Recursos podem ficar fora do teto de gastos e ministro diz ter aval de Bolsonaro para planejar gastos públicos
O ministro Rogério Marinho (Desenvolvimento Regional) negocia no governo a liberação de pelo menos R$ 8 bilhões neste ano para obras públicas a serem executadas por diferentes órgãos ligados a sua pasta.
Parte desse valor pode ser concedido por meio de emendas parlamentares, e ficar até mesmo fora do teto de gastos.
A movimentação de Marinho por mais recursos públicos gerou incômodo do ministro Paulo Guedes (Economia), que tem criticado a tentativa de se usar o Tesouro para ações não ligadas diretamente à pandemia.
Marinho, por outro lado, comunicou que tem respaldo do presidente Jair Bolsonaro (sem partido) para planejar gastos públicos.
A justificativa é tentar reaquecer a atividade e gerar empregos no pós-pandemia.
“Se existirem divergências [com Guedes], são de visões de Estado ou algo parecido. Nada pessoal”, disse Marinho há duas semanas.
O plano de obras e ações do MDR (Ministério do Desenvolvimento Regional) depende, porém, de um acordo com o Ministério da Economia, que decidirá sobre o repasse a Marinho pelos chamados créditos adicionais.
Os R$ 8 bilhões solicitados seriam repartidos entre as secretarias da pasta do Desenvolvimento Regional. Uma parte iria, por exemplo, para a reformulação do Minha Casa Minha Vida.
Em um dos pedidos feitos por Marinho, um repasse de R$ 2,4 bilhões atenderia até emendas de parlamentares —cerca de R$ 83 milhões.

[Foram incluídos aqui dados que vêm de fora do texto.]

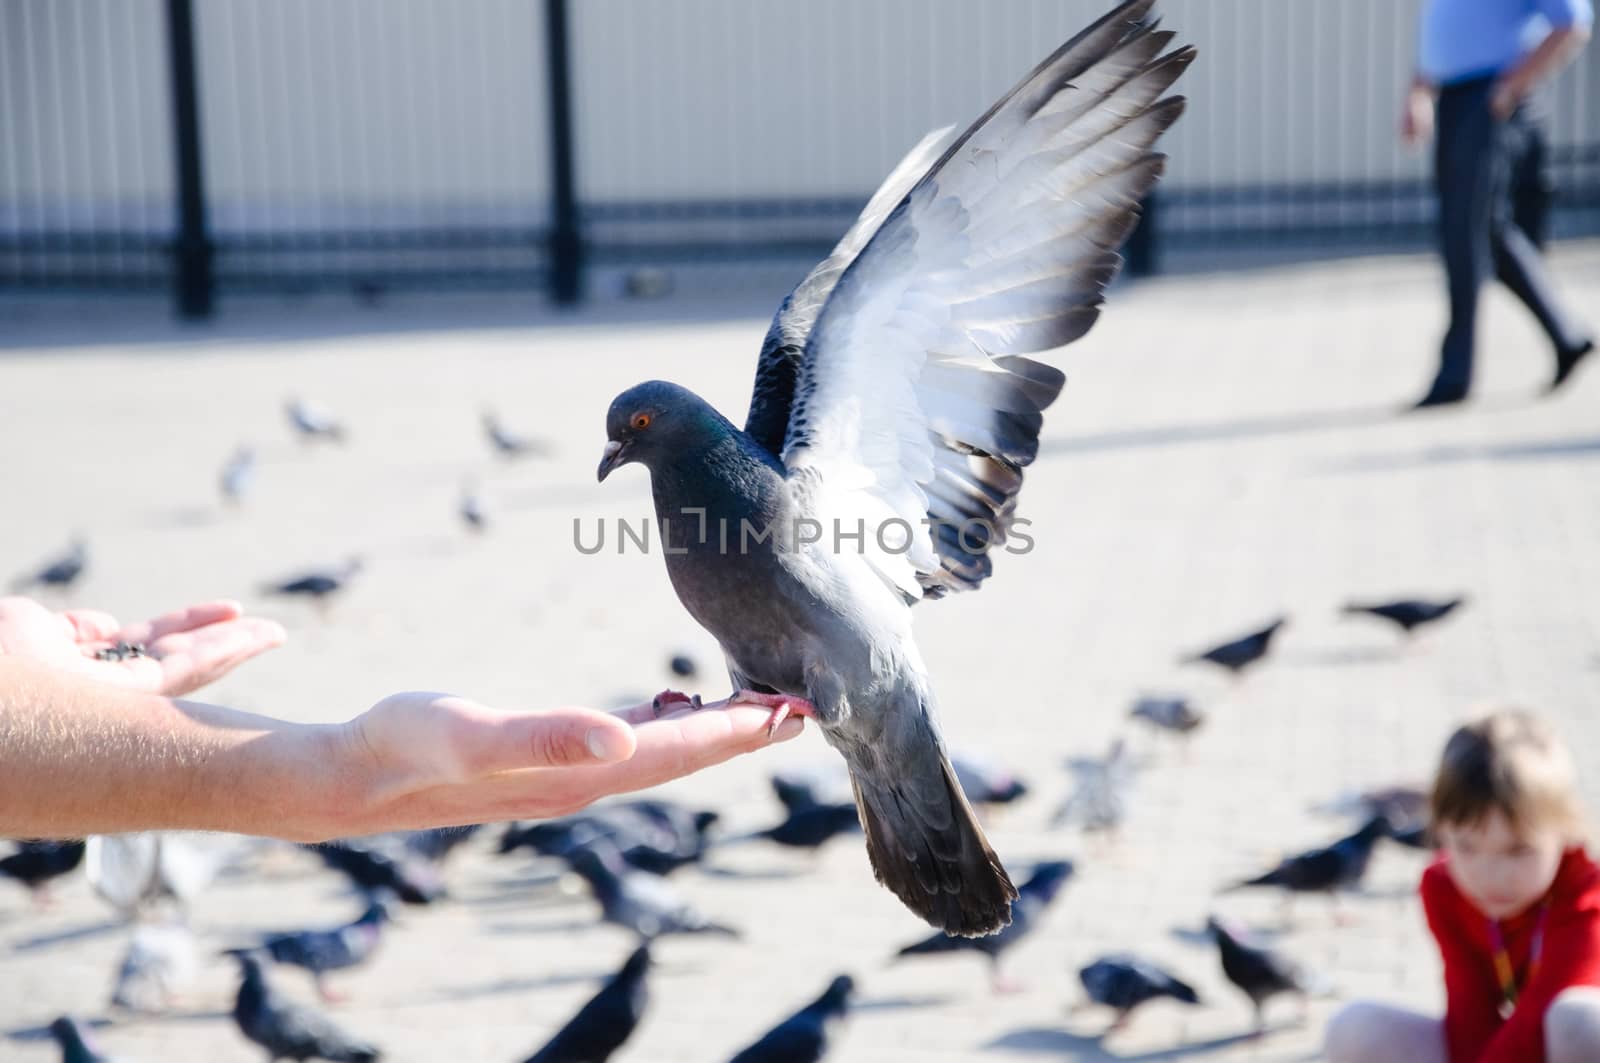 Pigeon sitting on the hand with stretched wings close-up, Sergiev Posad, Moscow region, Russia

Emenda é uma forma de um congressista destinar dinheiro federal para uma obra em sua base eleitoral, ganhando assim capital político.
O governo de Bolsonaro tem se aproximado de partidos do centrão —grupo independente e que representa boa parte do Legislativo— num movimento de buscar apoio político num momento de crise econômica e política.

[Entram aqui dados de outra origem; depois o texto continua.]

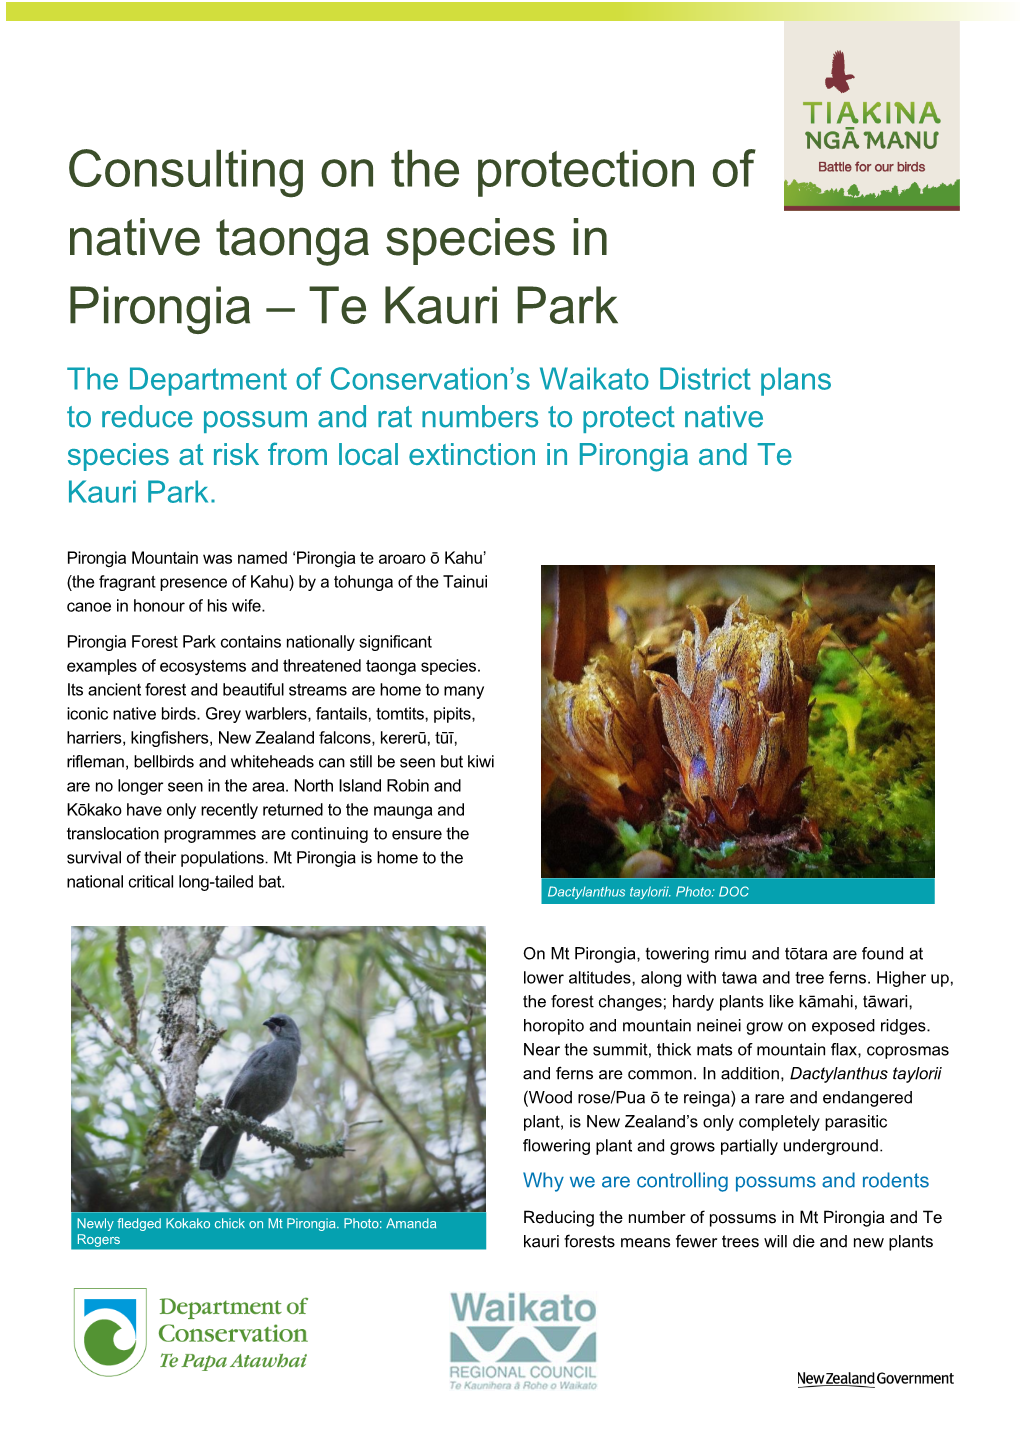 Consulting on the Protection of Native Taonga Species in Pirongia – Te Kauri Park

O ministério de Marinho reúne órgãos tradicionalmente usados para agradar o centrão com cargos.
Nesta solicitação de R$ 2,4 bilhões, a SNSH (Secretaria Nacional de Segurança Hídrica) seria a maior beneficiária, com R$ 1,6 bilhão, para programações como construção de barragens e adutoras.
Três ações emergenciais são ligadas ao programa de integração do rio São Francisco (Eixo Norte, Ramal do Agreste Pernambucano e a Adutora do Agreste de Pernambuco).
A ala militar do governo, liderada pelo general Braga Netto (Casa Civil), considera que a economia não vai se recuperar quando o isolamento acabar, sendo necessário investimento público para gerar empregos rapidamente. O plano foi rejeitado por Paulo Guedes (Economia)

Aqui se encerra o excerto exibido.